Speaking of past progress in civil rights, he said, “I thought we had some of those major victories. We finally crossed the threshold. […] But what I didn’t realize is you can defeat hate, but you can’t eliminate it.” He continued, “And when given oxygen by political leaders it comes out, ugly and mean as it was before. We can’t give it any oxygen. We have to step on it. We have to respond to it.”

“It’s not who we are,” he said. “It’s a minority, but if the majority doesn’t speak up it has a profound impact, as we’ve seen in the last few years.” He also, for pretty much the first time, got partisan and called out Republicans for blockading the Freedom to Vote and John Lewis Voting Rights Advancement Acts.

“Each and every time it gets to be brought up, that other team blocks the ability even to start to discuss it,” Biden said. “The team used to be called the Republican Party.”

Thursday’s announcement that he now supports stopping that blockade helps. In Monday’s letter, Schumer told Democrats that he will bring up the blocked bills and that the Senate would “consider changes to any rules which prevent us from debating and reaching final conclusion on important legislation” when Republicans inevitably block it.

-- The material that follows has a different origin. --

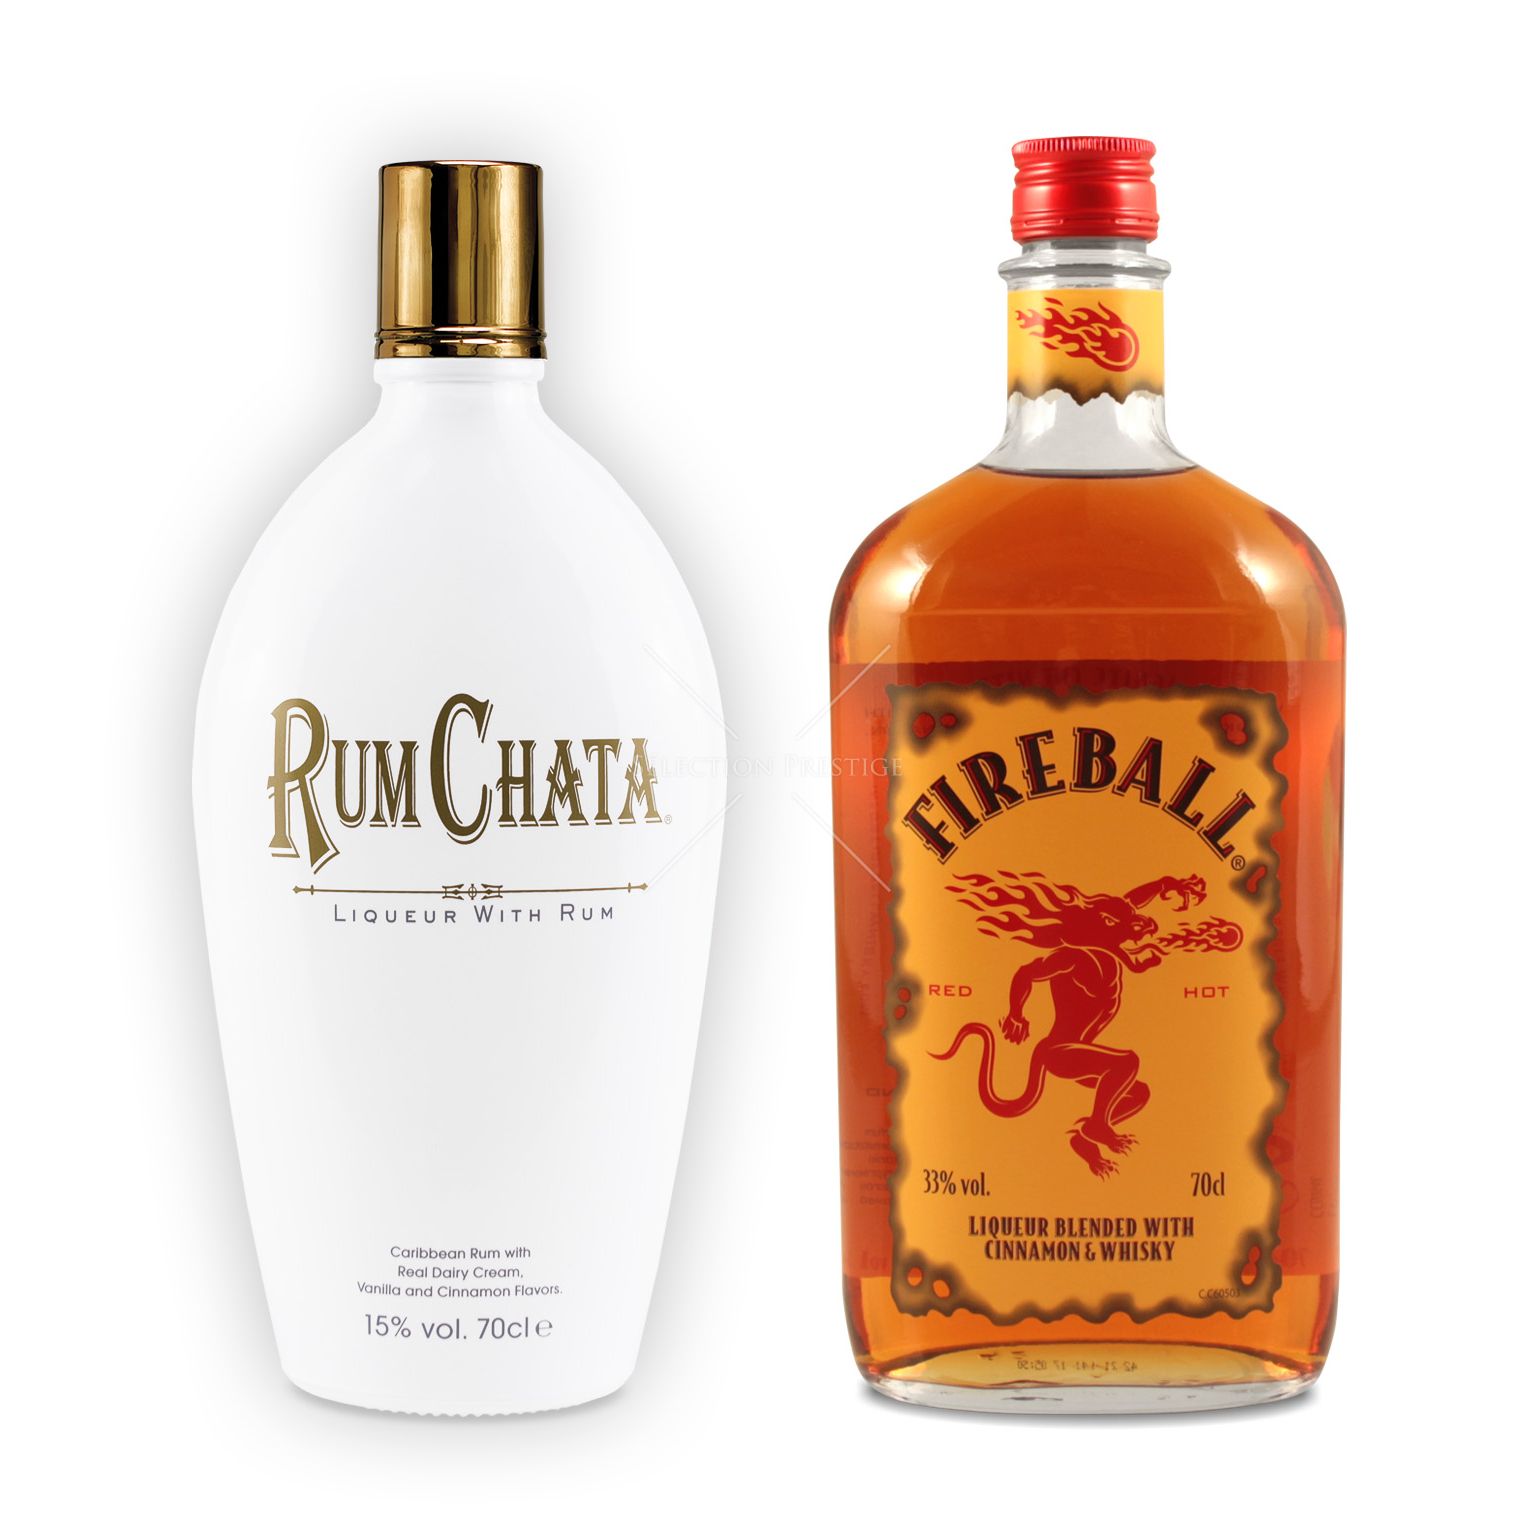 RumChata + Fireball Cinnamon Whisky Liqueur - RumChata - Liqueur

“I would ask you to consider this question,” he wrote. “If the right to vote is the cornerstone of our democracy, then how can we in good conscience allow for a situation in which the Republican Party can debate and pass voter suppression laws at the state level with only a simple majority vote, but not allow the United States Senate to do the same?”

He also included a pointed message for both Sens. Joe Manchin and Kyrsten Sinema—and any anti-reform Democrats who’ve been hiding behind them. “I believe our constituents deserve to know which senators choose to hide behind ill-conceived and abused rules and which senators prefer to restore Senate floor procedures to better align with the founders’ intentions,” Schumer wrote. He also pointed out that the revered former Sen. Robert Byrd, whose seat Manchin now holds, said back in 1979 that sometimes Senate rules that seemed appropriate “must be changed to reflect changed circumstance.”

Whether the vote actually can happen as early as the first week of January—the Senate is scheduled to be back on Monday, Jan. 3—isn’t clear. A third Democrat, Sen. Chris Coons of Delaware, has tested positive for COVID-19.

In recent weeks I have been tested for COVID-19 regularly, both with rapid tests and PCR tests, and last night I got bad news – I tested positive. I have minimal symptoms so far and am optimistic I will recover well after isolating and following CDC guidelines.

— Senator Chris Coons (@ChrisCoons) December 23, 2021

Democrats Elizabeth Warren (MA) and Cory Booker (NJ) both said they had tested positive Sunday. That follows a marathon at the end of last week in which the Senate stayed in until the early hours of Saturday to pass a raft of nominations.